- Chairman: Unknown
- Founded: 7 February 2024
- Headquarters: St. George's, Grenada^{[citation needed]}
- Ideology: Monarchism (Grenadian)
- Slogan: For the Advancement and Defence of the Nutmeg Crown.

Website
- www.grenadamonarchist.org

= Grenada Monarchist League =

Organisation promoting the monarchy of Grenada

The Grenada Monarchist League (GML) is an unincorporated nonprofit organisation in Grenada, promoting and educating on the Grenadian monarchy and Constitution. The organisation was founded on 7 February 2024, in response to increased pressures of republicanism among politicians in Grenada following the death of Queen Elizabeth II and the country's Golden Jubilee of independence.

==Structure==
The Grenada Monarchist League is an unincorporated nonprofit organisation. The organisation is independent and non-partisan, not being formally associated with any political party or other organisation. It has no paid staff, relying on volunteers to keep the group operating. The organisation is governed by a General Assembly consisting of all registered members of the league. An Executive Council comprising a chairman, deputy chairman, Head of Diaspora Affairs, and appointed Executive Councillors is tasked with the day-to-day operations of the organisation. The chairman, deputy chairman and Head of Diaspora Affairs are elected by the General Assembly, while Executive Councillors are appointed by the chairman, but may be removed by the General Assembly.

The X account of the league is based in Europe.

==Activities==

===Oath of Allegiance debate===
Ahead of the Golden Jubilee of Grenadian Independence in February 2024, proposals to amend the Grenadian Oath of Allegiance were put forward by a group of Grenadian lawyers, led by the Citizens for Constitution Reform (CCR), convened by Dr.
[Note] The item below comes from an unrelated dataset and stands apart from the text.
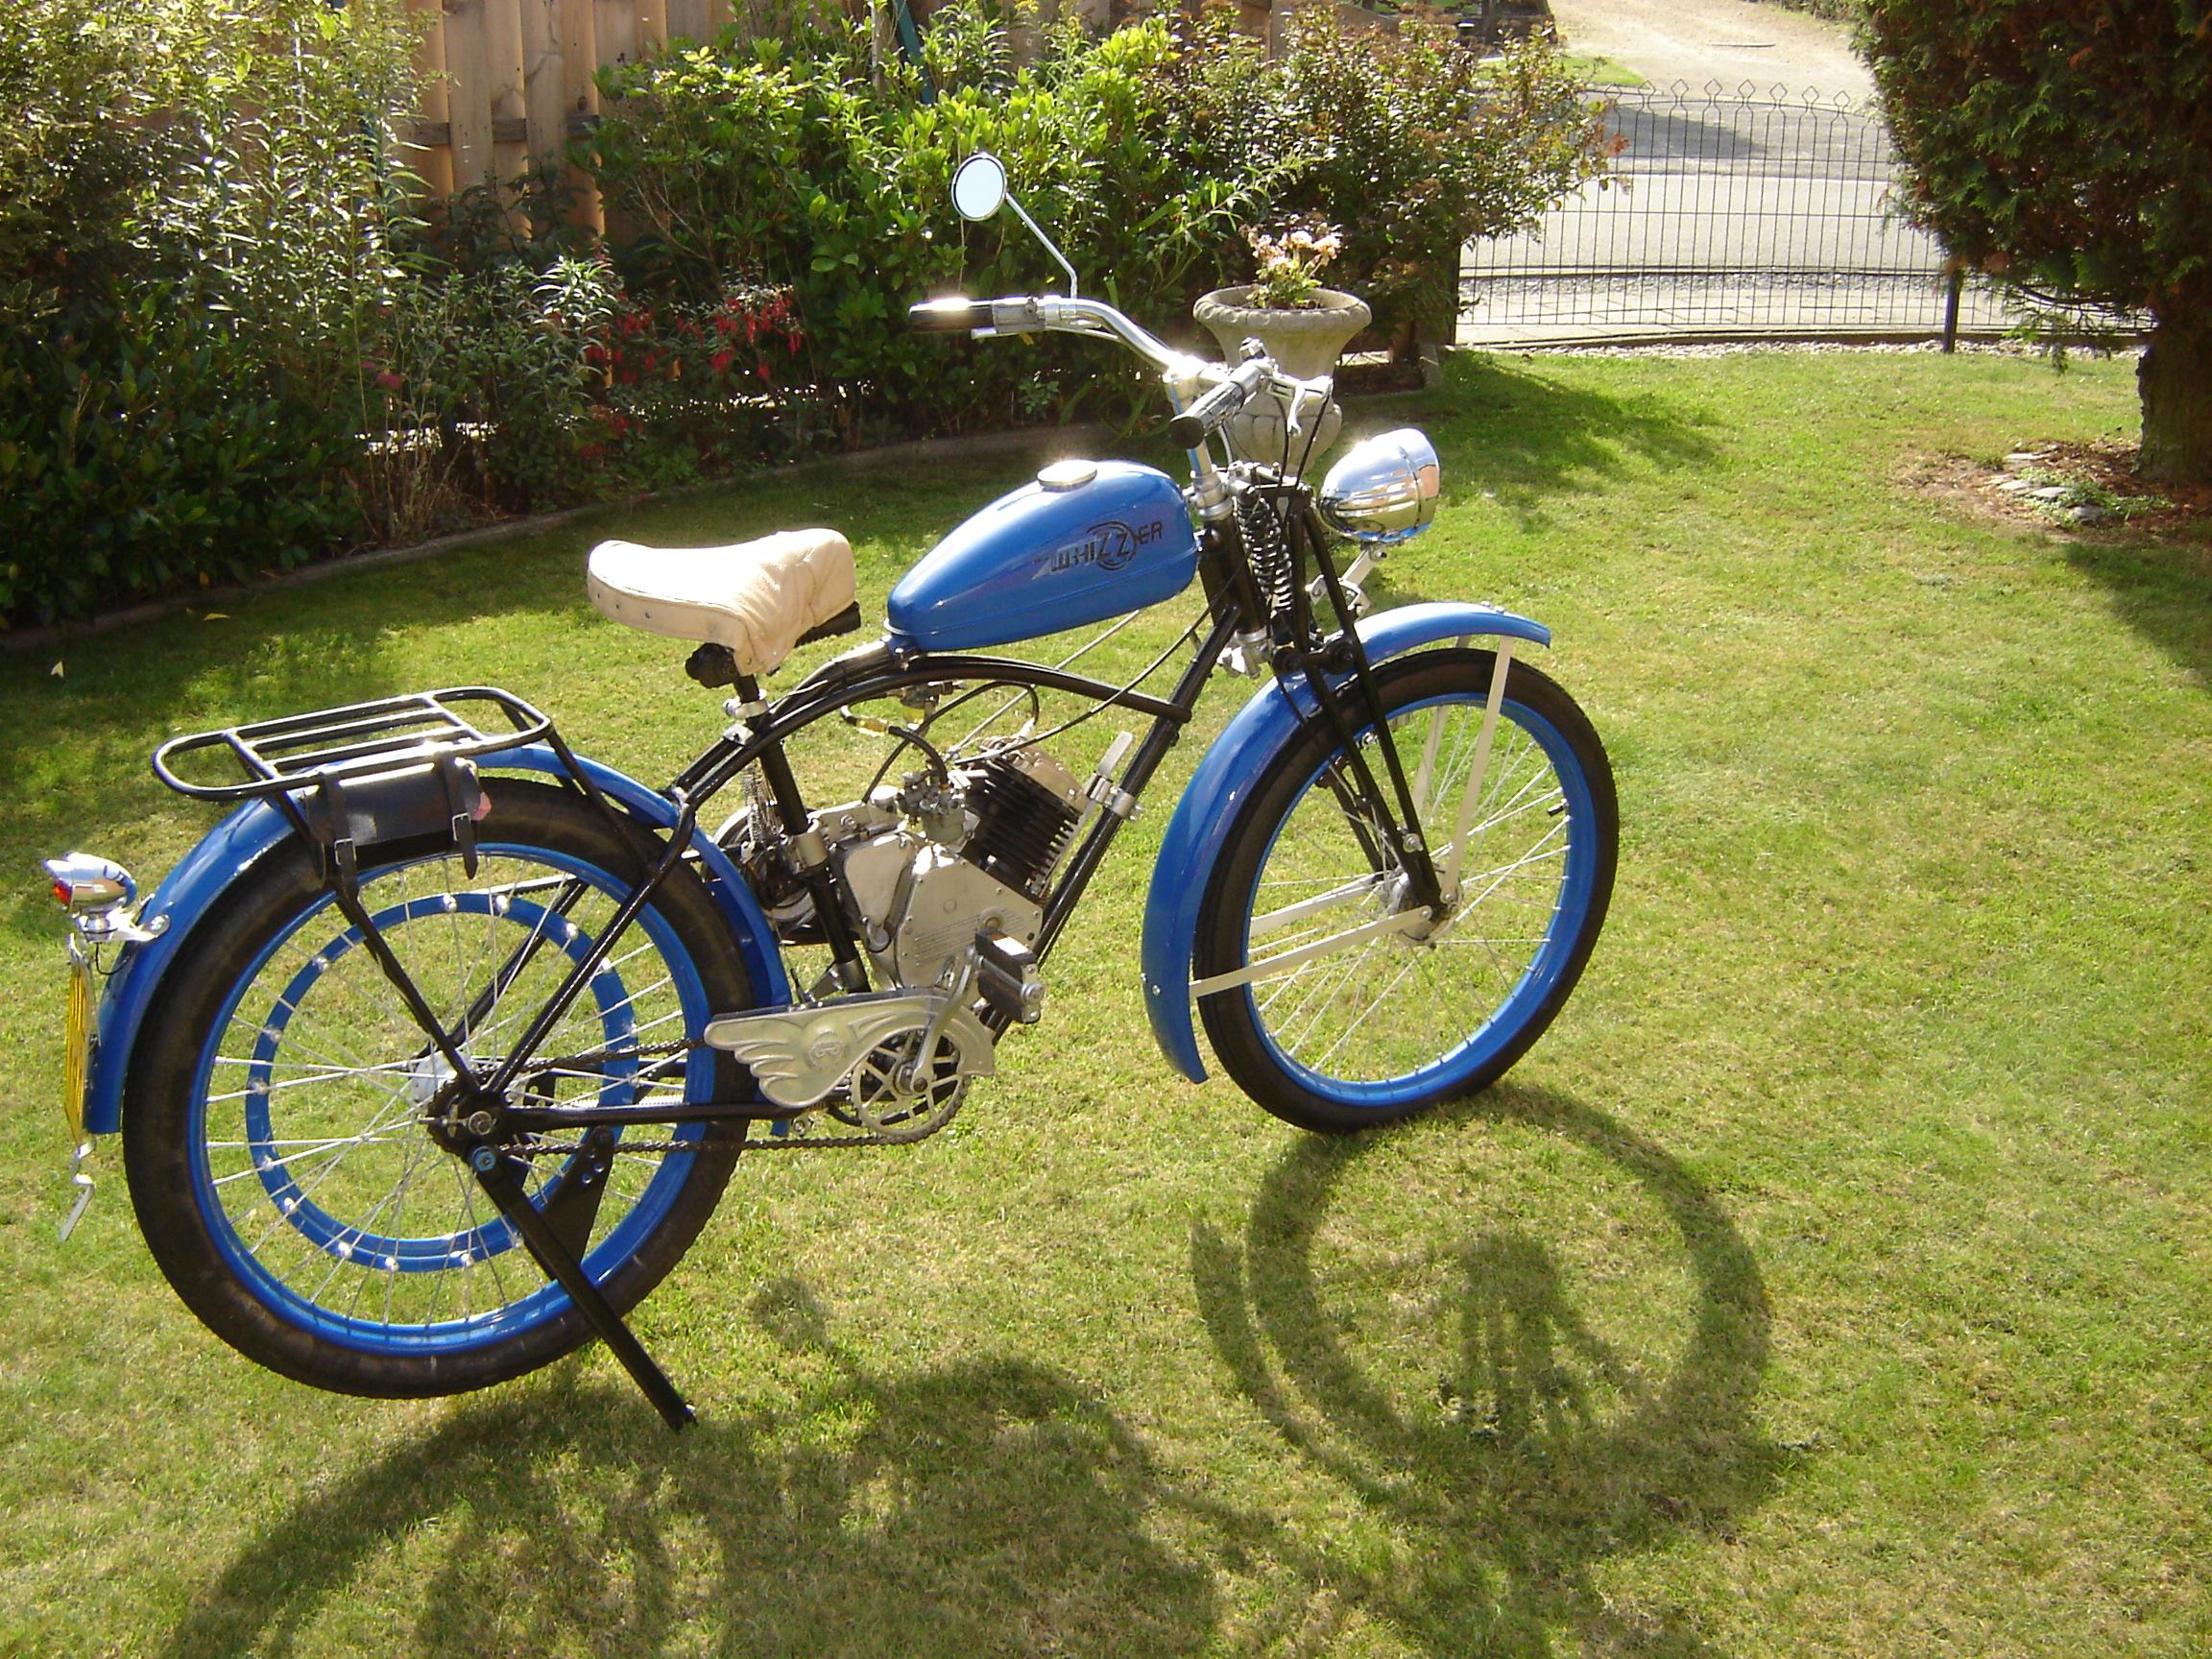 Vintage Whizzer Motorbikes From Belgium 171 Wc1manufacturer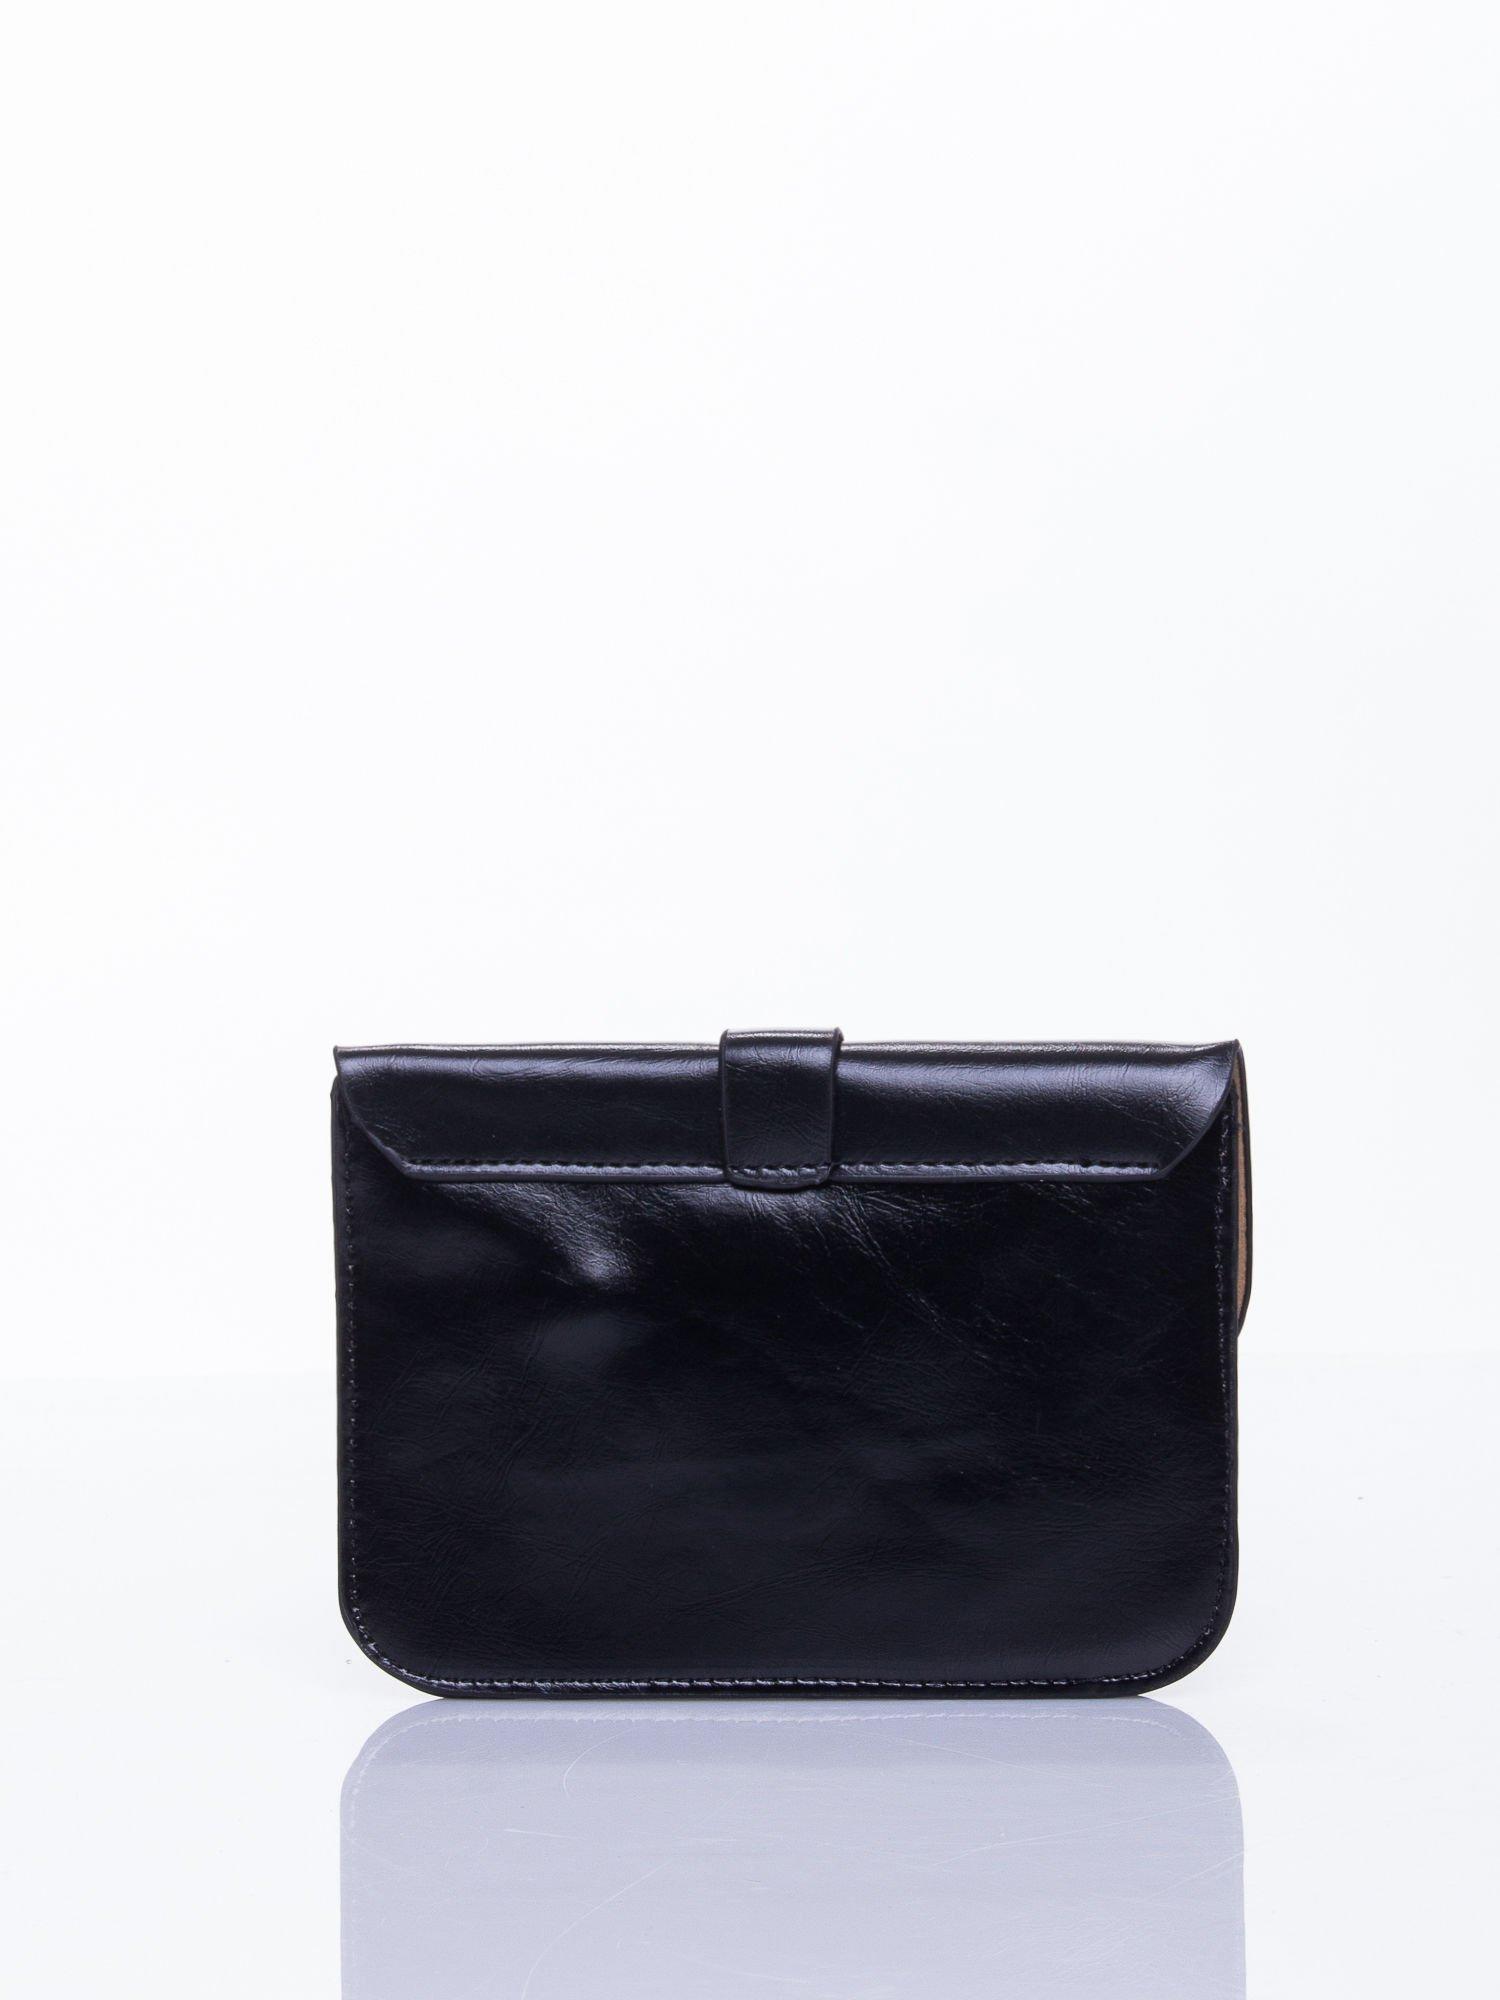 Czarna torebka listonoszka z klapką                                  zdj.                                  3

Francis Alexis. The proposed changes aimed to remove references to the monarch from the oath without holding a referendum, redirecting allegiance to the State of Grenada. A similar proposal to remove monarchic references from the oath had previously been rejected by 56.7% of voters in the 2016 Grenadian constitutional referendum.

The Grenada Monarchist League's first public actions following its establishment entailed a public campaign against the proposed changes to the oath. The league condemned suggestions that the oath, as it stood, was to the “British monarch” and that it represented a lack of sovereignty and subordination to the United Kingdom. It accused prominent proponents of the change of spreading misinformation about the oath and the monarchy, and called on the government to drop any potential plans to amend the constitution. The league further campaigned by directly contacting Prime Minister Dickon Mitchell and all the members of the House of Representatives, encouraging its members to do the same.

Despite the League's efforts, the Lower House and Upper House approved The Constitution (Oath of Allegiance) (Amendment) (No. 1) Act, 2025, and The Constitution (Oath of Allegiance) (Amendment) (No. 2) Act, 2025, on 24 and 25 July 2025, respectively. Governor-General Dame Cécile La Grenade assented to the bills on 31 July 2025, with the changes taking effect on 1 August 2025, redirecting the Oath of Allegiance and Affirmation of Allegiance to the State of Grenada.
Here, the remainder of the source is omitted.